Creating tables in RMarkdown where row are mean of variabels and columns are factor levels

Hi R Community,

I would like to make a table in RMarkdown, however, the placement of the rows and colums are not as I wish.

I will use the Iris R data set as an example. When running:
knitr::kable(iris, "pipe")
I get:

However, I wish to have the different spcies as columns and then a row of mean(sepal.Length), one of mean(Sepal.Width), one of mean(Petal.lenth) and a last of mean(Petal.Width). Also, I would like an extra column containing the sum of all species and which for all rows have the mean of the whole data set and not just for the specific species.

So far I have not found out how to solve this problem.

Thank you in advance :slight_smile:

Best,
Charlie

1 Like

Using the package dplyr will help a lot here! You can calculate the means by using group_by() and summarize(). For instance,

iris %>% group_by(Species) %>% 
  summarise(meanSL = mean(Sepal.Length))

will give you the mean Sepal.length for each species. Just add on the other means in the same way.

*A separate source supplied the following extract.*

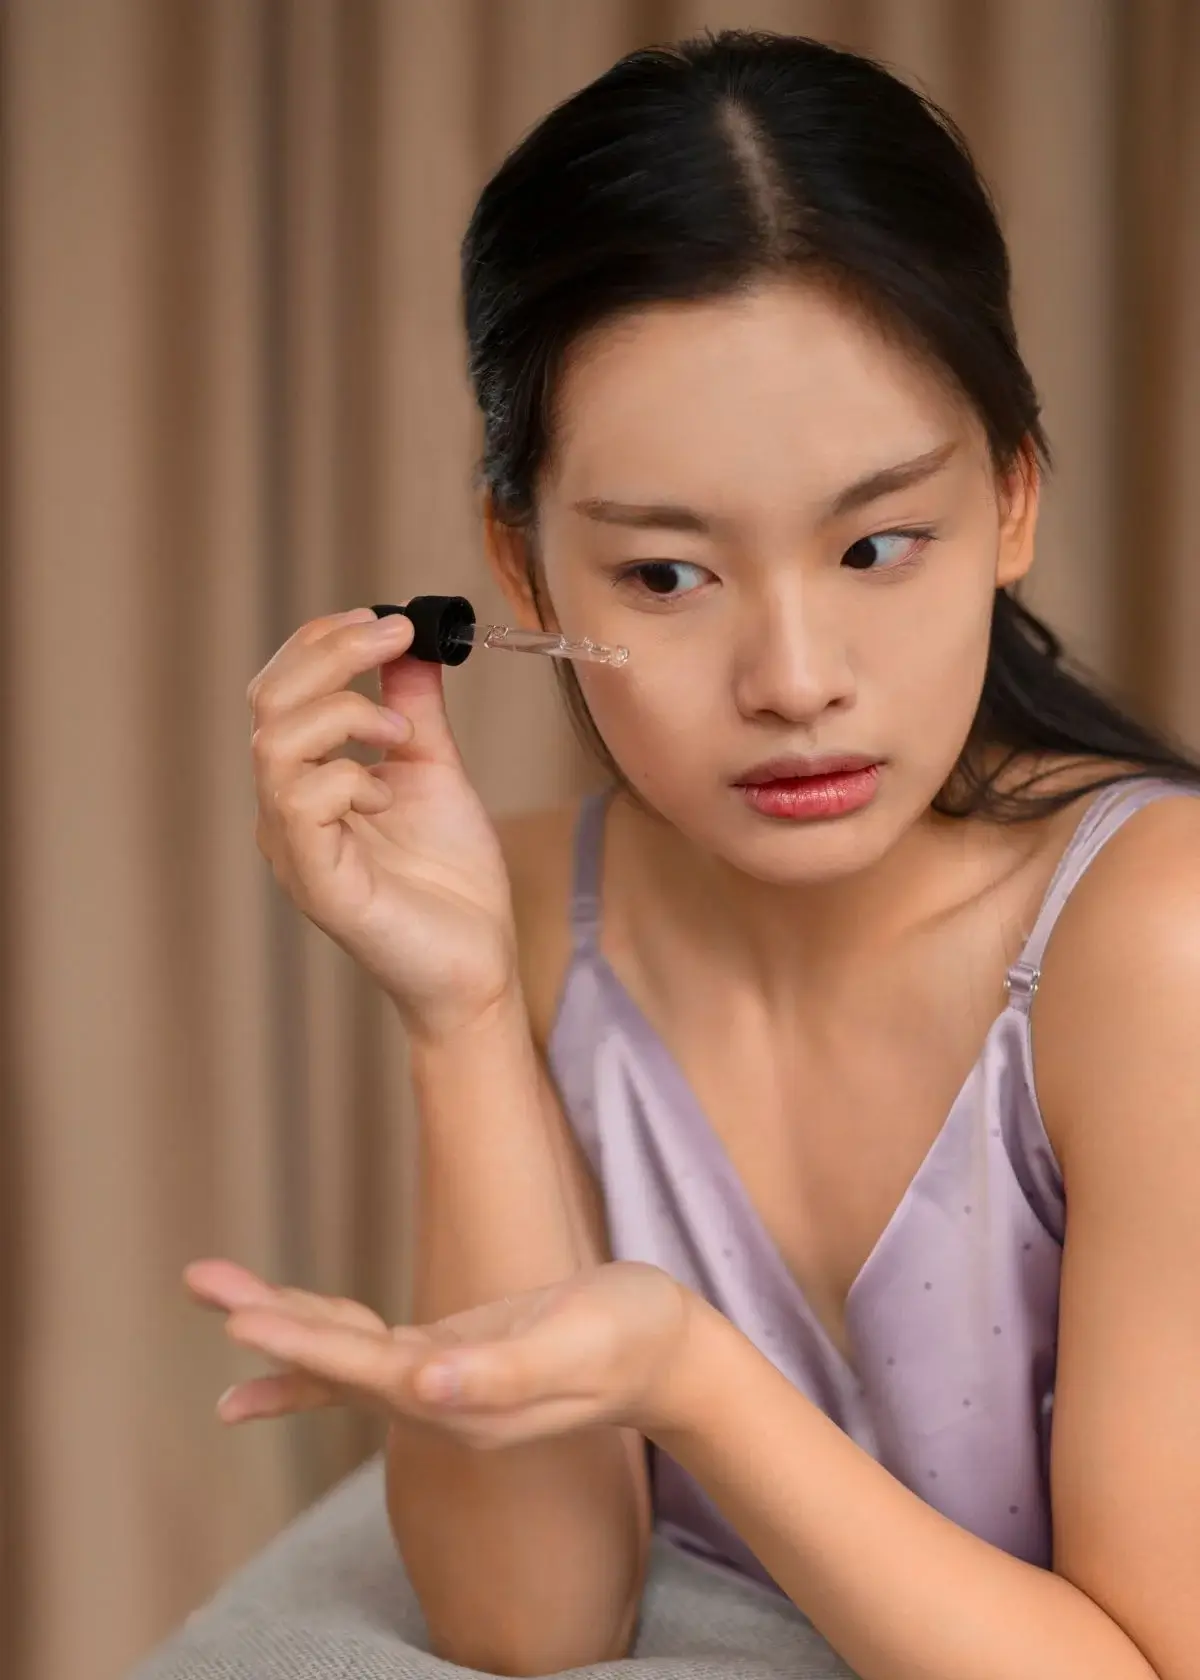 Why is Korean retinol known for its effectiveness in skincare?

There are many different ways of adding the column with the total, and this may not be the best way, but you could calculate it separately using exactly the same steps as for the individual species, but just not using group_by(Species), and then join it to the other means at the end using e.g full_join().

Finally, since you want the species as columns, you can transpose the table using t().

1 Like

Thank you very much. I did not know the t() function. That is great.

I would like to make it where creating a data frame such that I can add a column with the p values of the different group means. This data frame I would eventually like to present in a pretty table with knitr or else?

Maybe this could help you:

library(tidyverse)
library(DT)
datatable(iris)

iris_2 <- iris %>%
  group_by(Species) %>% 
  dplyr::summarize(Mean.Sepal.Length = mean(Sepal.Length, na.rm=TRUE),
                   Mean.Sepal.Width = mean(Sepal.Width, na.rm=TRUE),
                   Mean.Petal.Length= mean(Petal.Length, na.rm=TRUE)); iris_2

datatable(iris_2)

Thank you.

I have run this with the transpose function, t(). Then I get the species in the columns, however, then I also get some V1, V2 and V3. Do you know how I can get rid of them?

This article should help you with that: https://statisticsglobe.com/transpose-data-frame-set-first-column-as-header-r

1 Like

A slightly different way to accomplish your goal... you might interested in the gtsummary package which allows you make such summary tables very easily...

data(iris)
library(gtsummary)

iris %>% 
  tbl_summary(by = Species)

grafik

You can change the summary stat returned easily

iris %>% 
  tbl_summary(by = Species, 
              statistic = c(all_continuous() ~ "{mean} ({sd})"))
3 Likes